Stored entries:
- - -

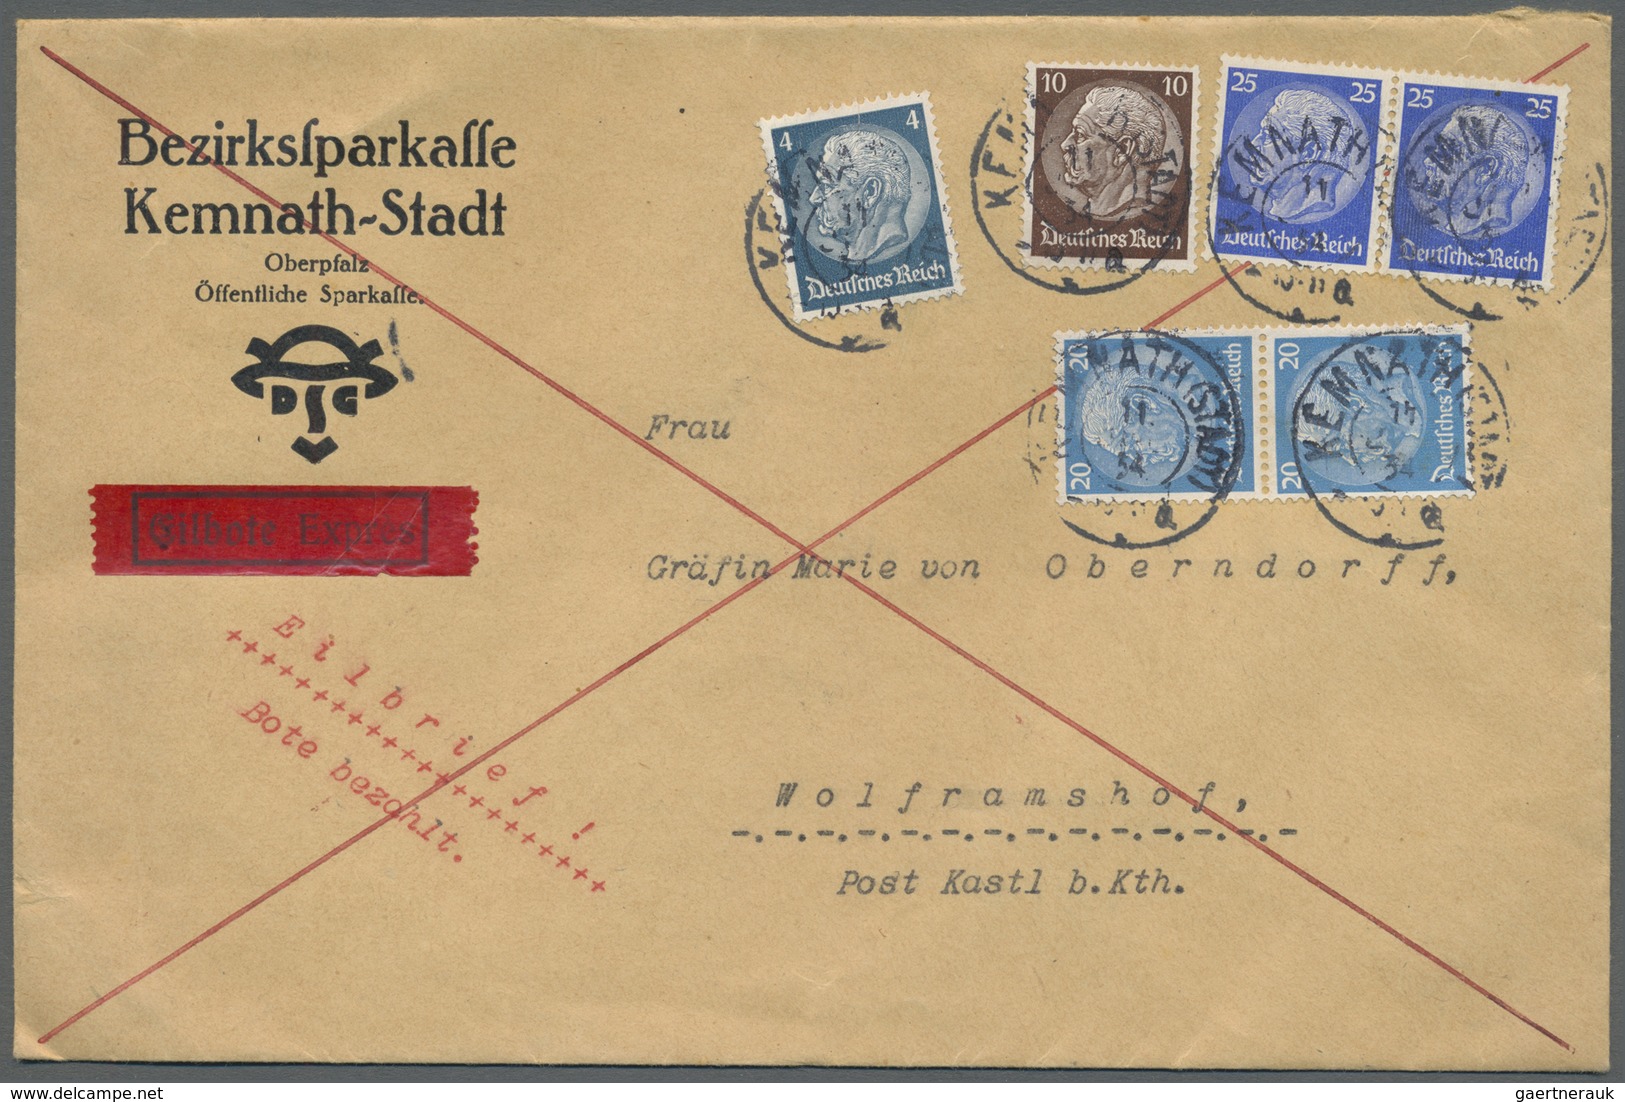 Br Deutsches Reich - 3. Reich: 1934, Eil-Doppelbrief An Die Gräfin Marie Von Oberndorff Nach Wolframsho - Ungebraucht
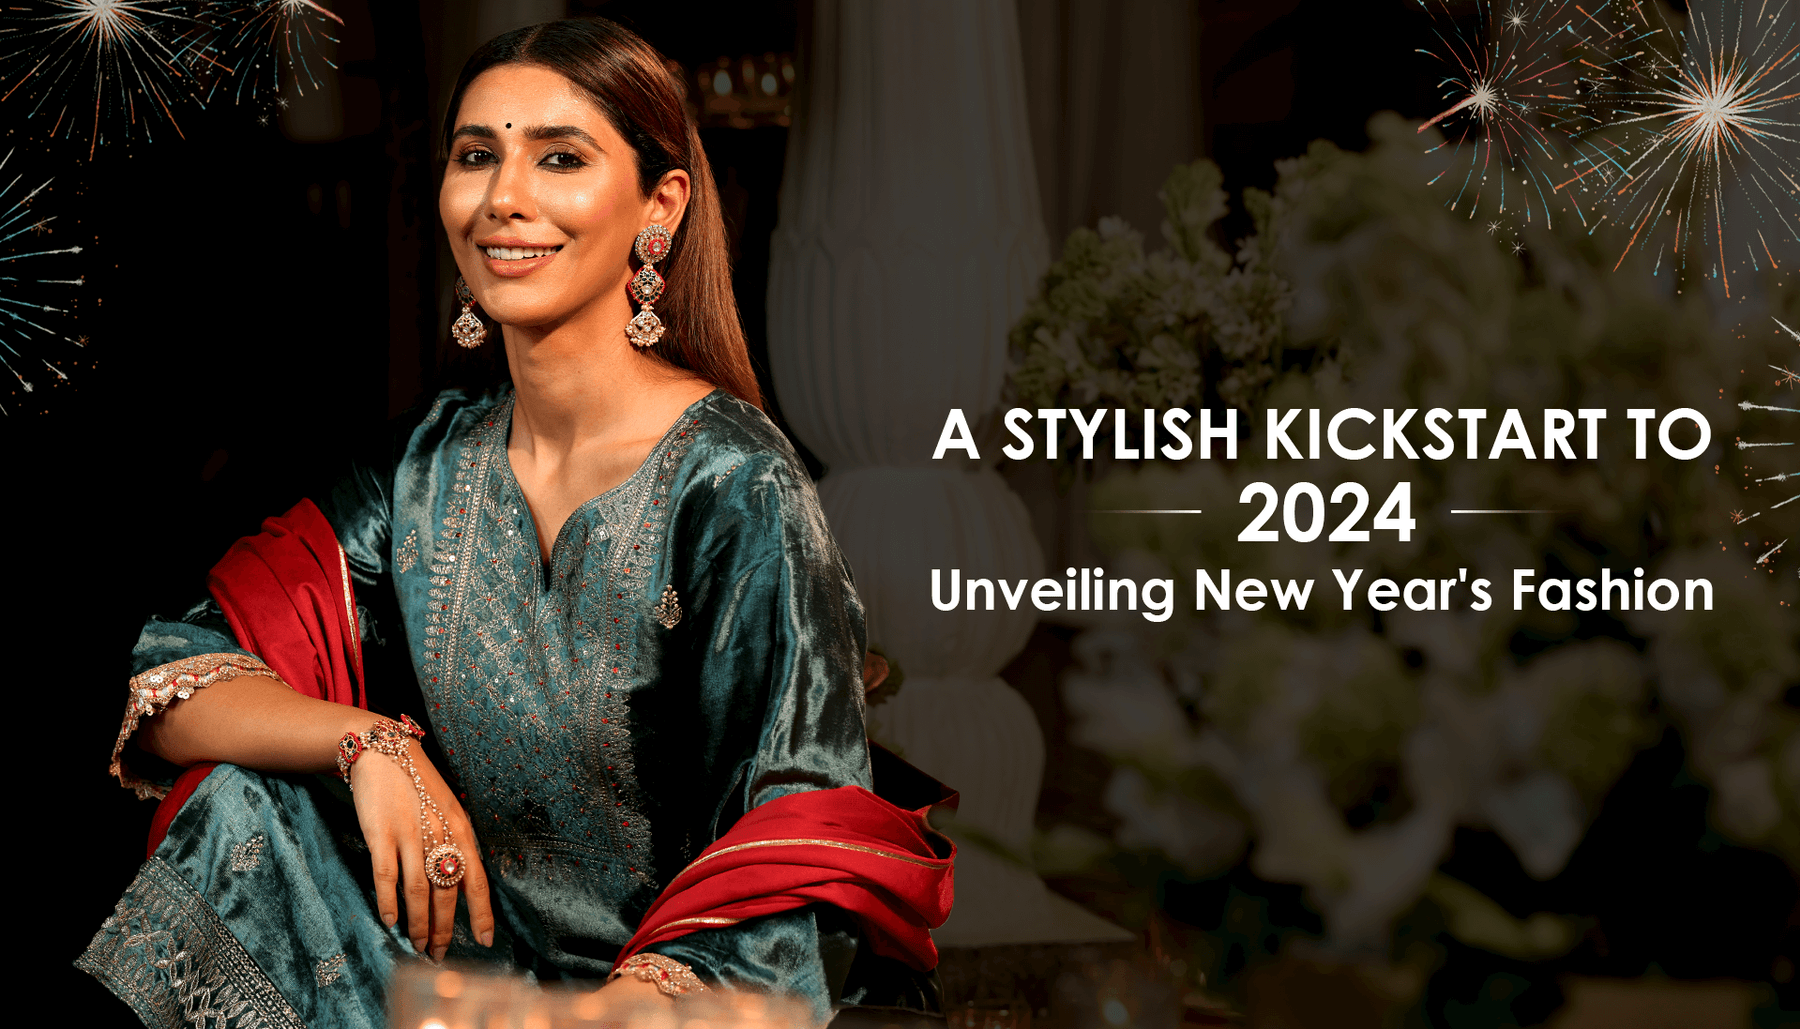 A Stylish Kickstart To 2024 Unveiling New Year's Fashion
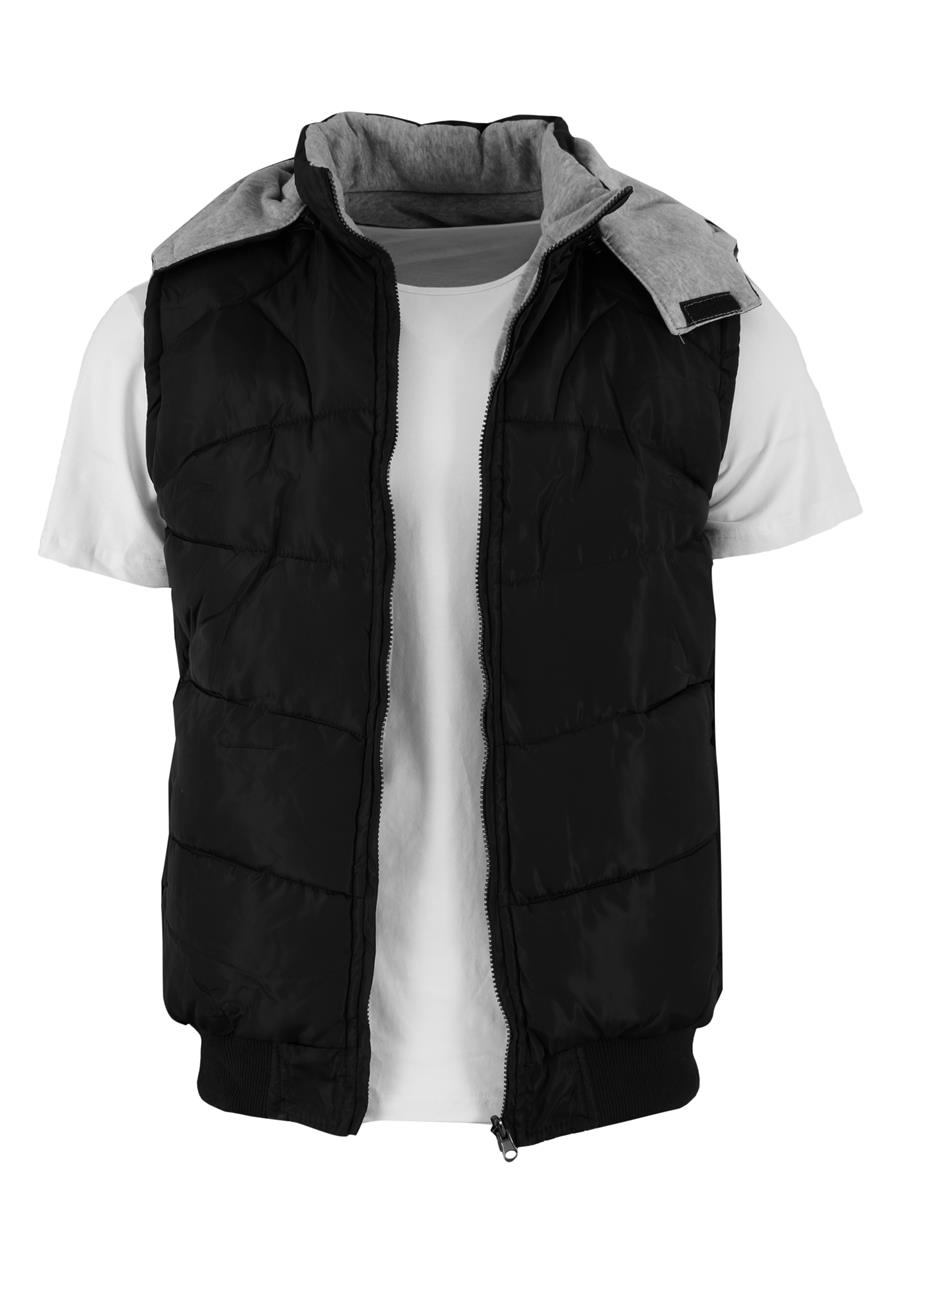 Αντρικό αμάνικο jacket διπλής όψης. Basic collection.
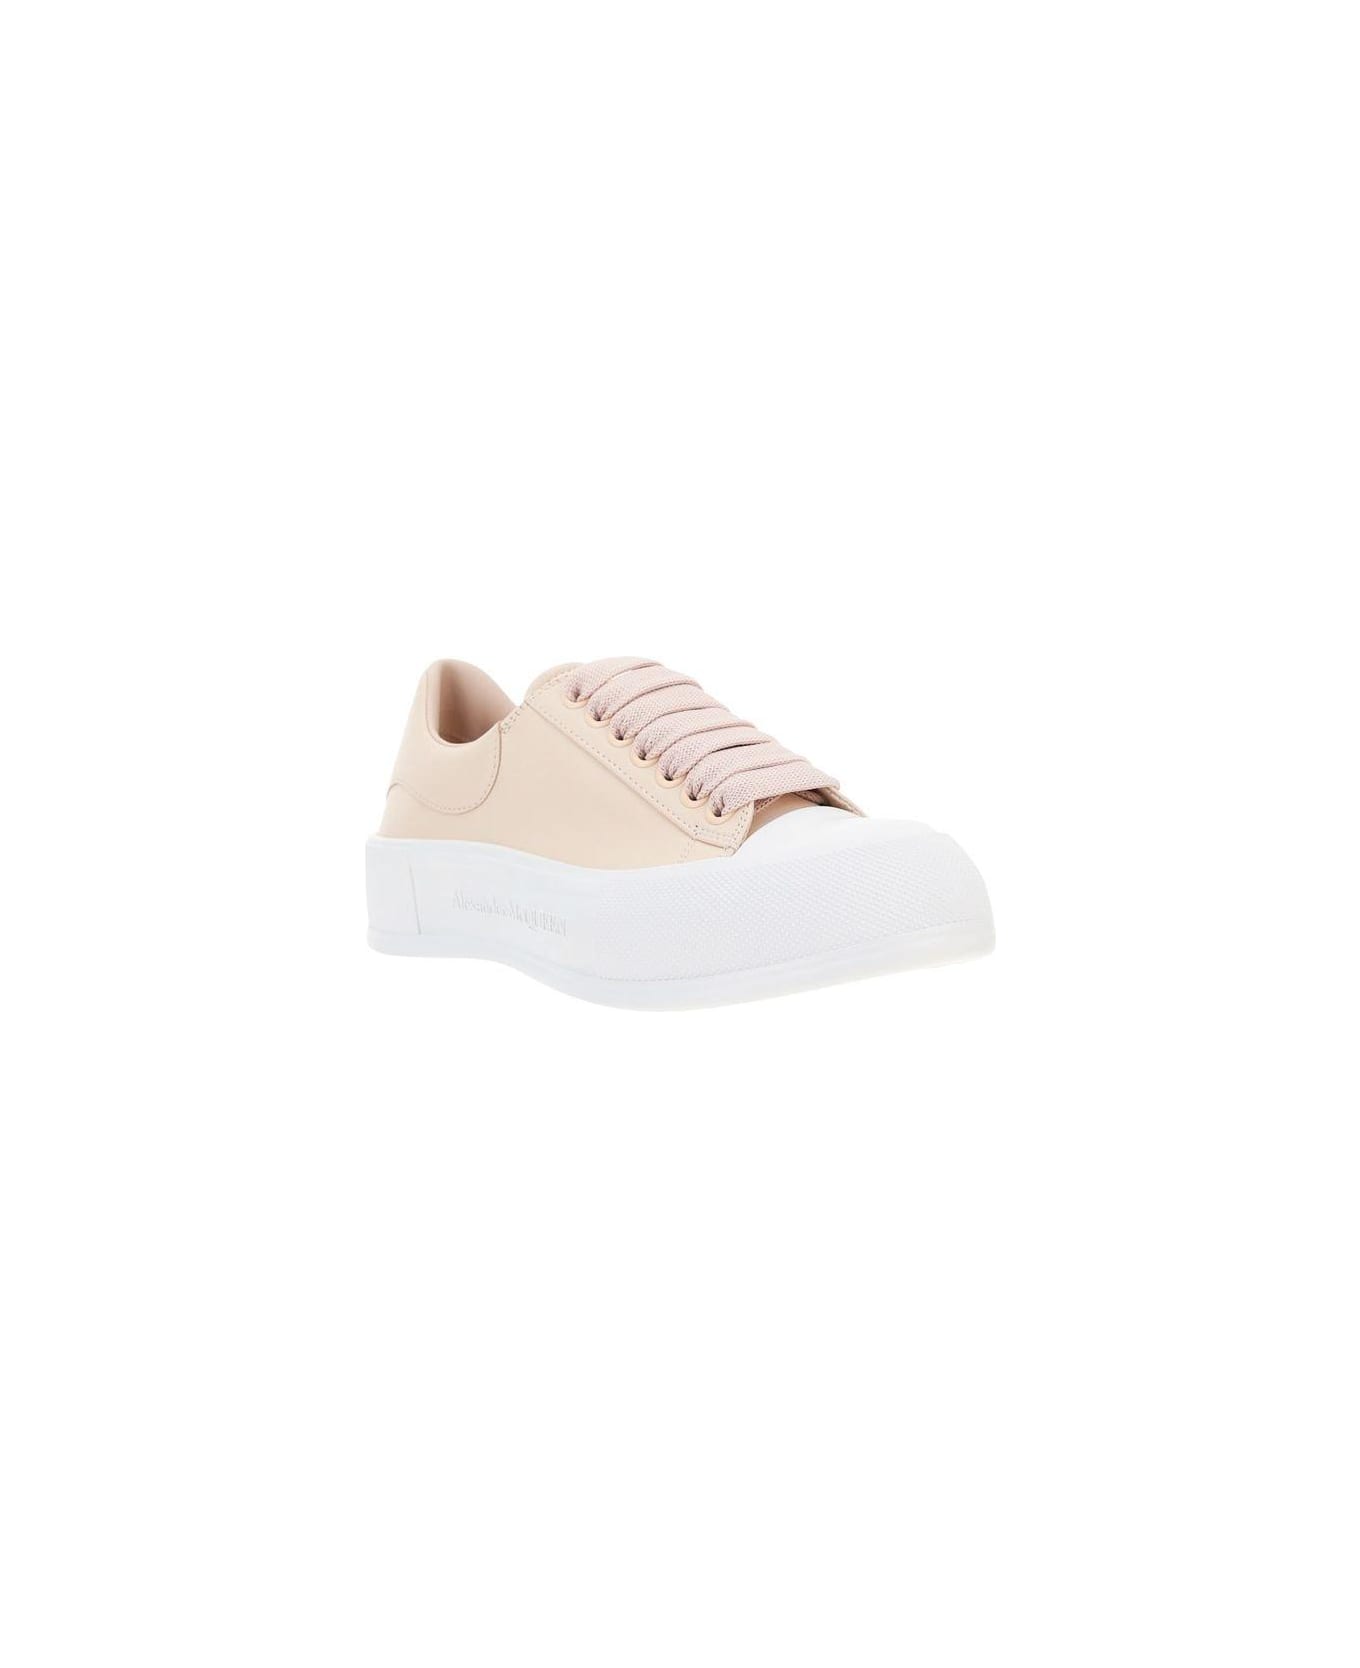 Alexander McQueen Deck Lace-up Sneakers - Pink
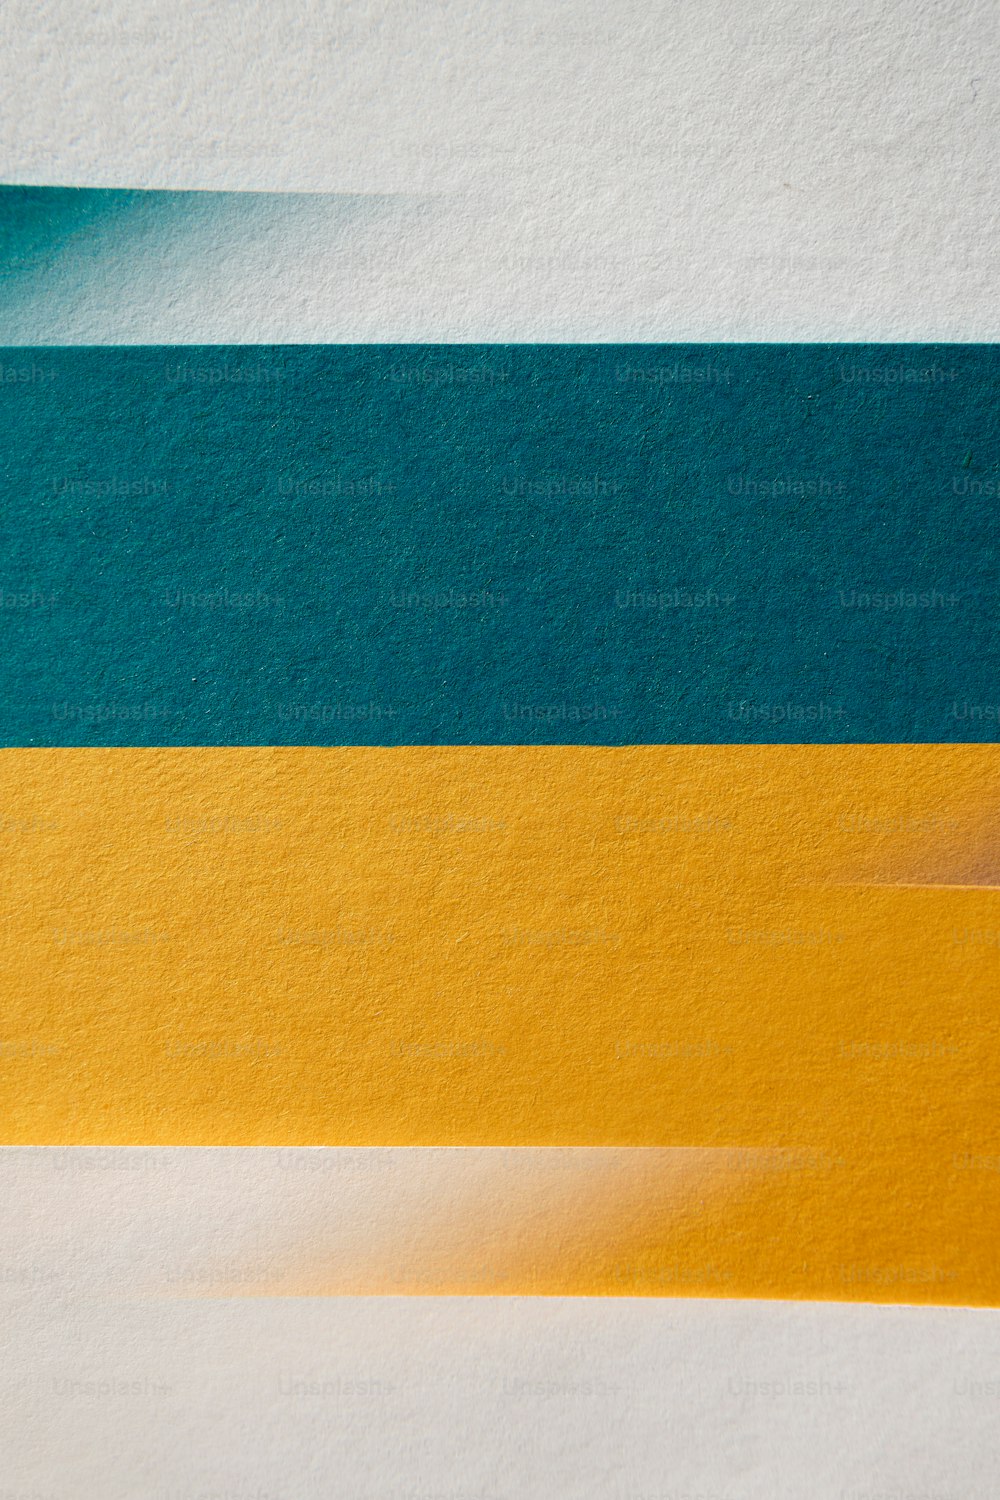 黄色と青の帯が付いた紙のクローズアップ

- - -

=== Task details ===
In the copy, leave out all pictures, and retype exactly each line from the one with "A Stylish Kickstart" through the last line of the entries.

=== Finished exercise ===
 A Stylish Kickstart To 2024 Unveiling New Year's Fashion
 Αντρικό αμάνικο jacket διπλής όψης. Basic collection.
 Alexander McQueen Deck Lace-up Sneakers - Pink
 黄色と青の帯が付いた紙のクローズアップ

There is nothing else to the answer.